I would just keep her away from it as well. The salt licks in the pet store are not meant for birds


----------



## Blaze9 (Aug 6, 2008)

Reading from many different sources, including a book at my local Barns and Nobels, salt is bad for the bird, so I wouldn't feed it anything with salt on/in it. I personally don't know, but books hardly ever lie =P

~Blaze


----------



## elijahfan (Jul 28, 2008)

yeah but it was home made dough with flour water and salt i think, minnie made it at rainbows, 

like i said got her donw stright away, i think the nibbling was pure exploring frist thing i ahe seen her nibble on except seed lol,


----------



## Tike2 (Jun 16, 2008)

Home made play dough has so much salt in it.... wouldn't be good for her at all.


----------



## elijahfan (Jul 28, 2008)

thsnk you, i have removed it


----------



## Sophia (Aug 11, 2007)

I am sure even if she did take a lick/bite she wouldn't even eat it, I bet the taste would be gross!

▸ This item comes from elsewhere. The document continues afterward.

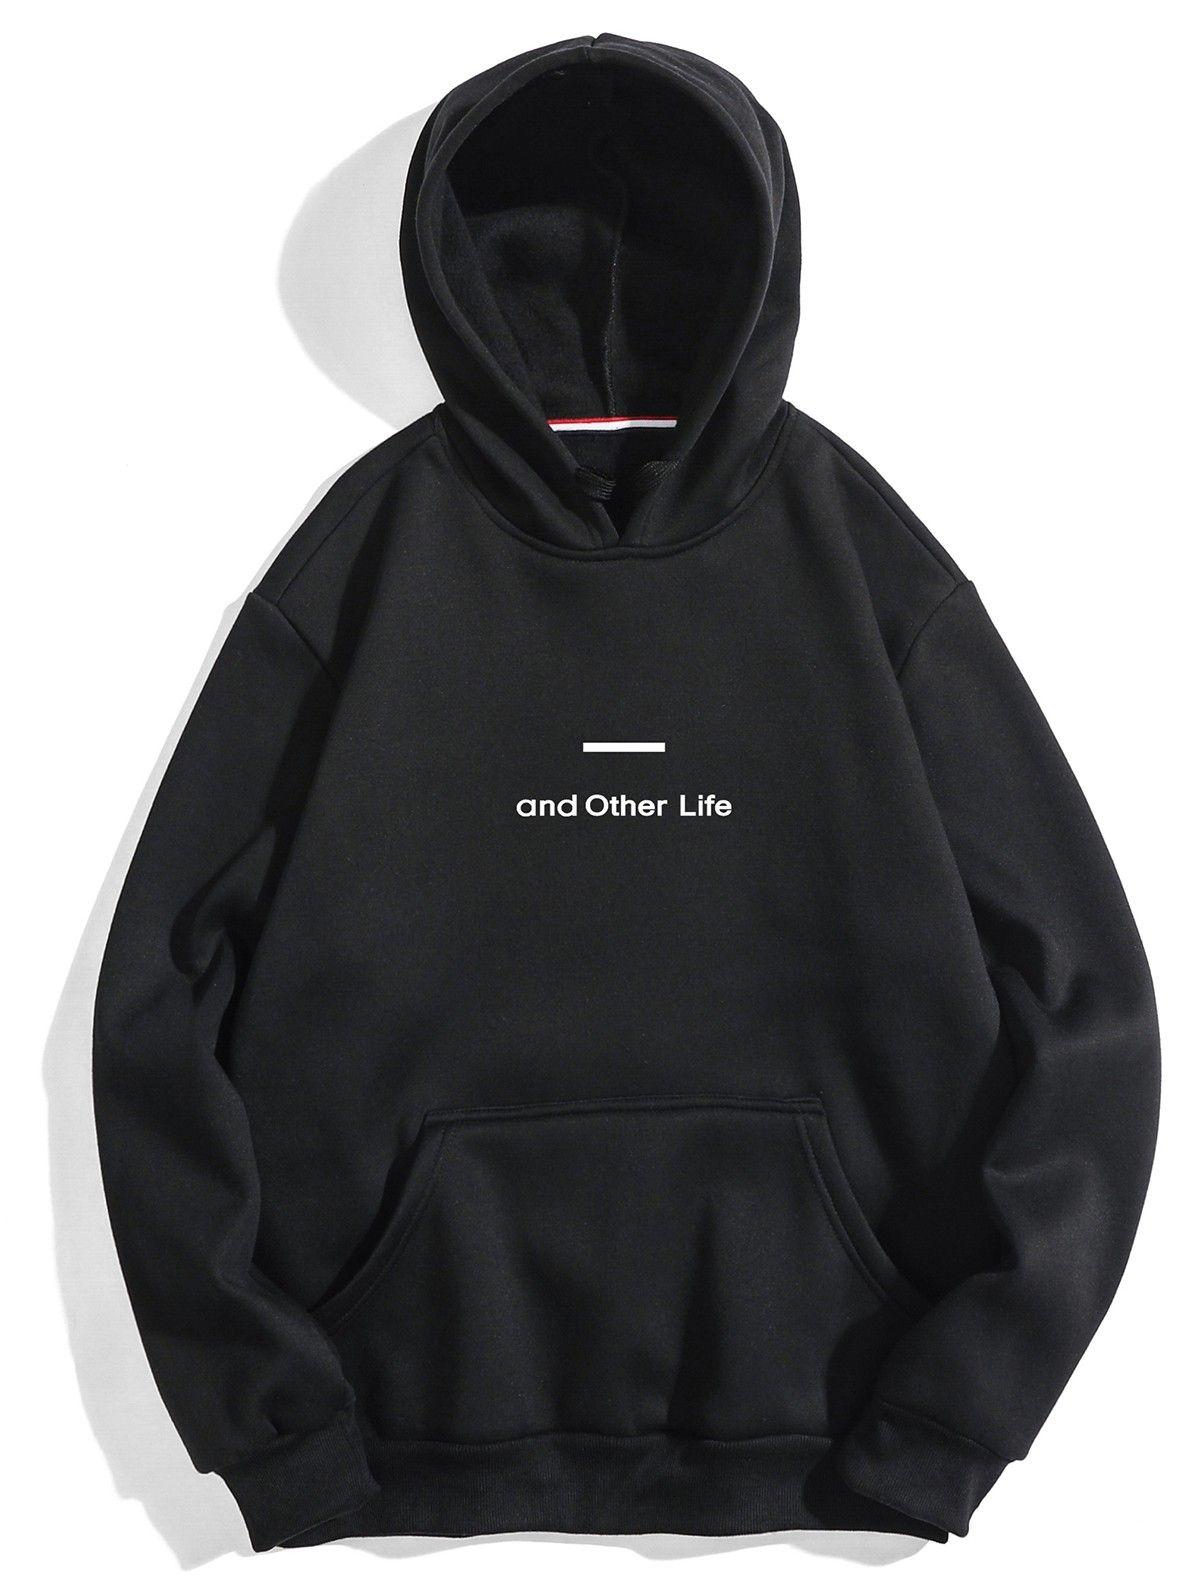 Casual Letter Soft Fleece Hoodie Black 4n42123721 Size Xs Sweatshirts Hoodies Men Printed Hooded Sweatshirt [ 1596 x 1200 Pixel ]

She probably just nibbled it but didn't taste any because she definetley wouldn't like it!


----------



## elijahfan (Jul 28, 2008)

that's good  would have been really sad if it hurt her, but she seems to be fine 

she isnt coming out near lunch time now either, hermione sneaked her cracker to her hermione doesn't like them so wen i went to the kitchen hermione snuck him one, then said she toke it lol, kids lol


----------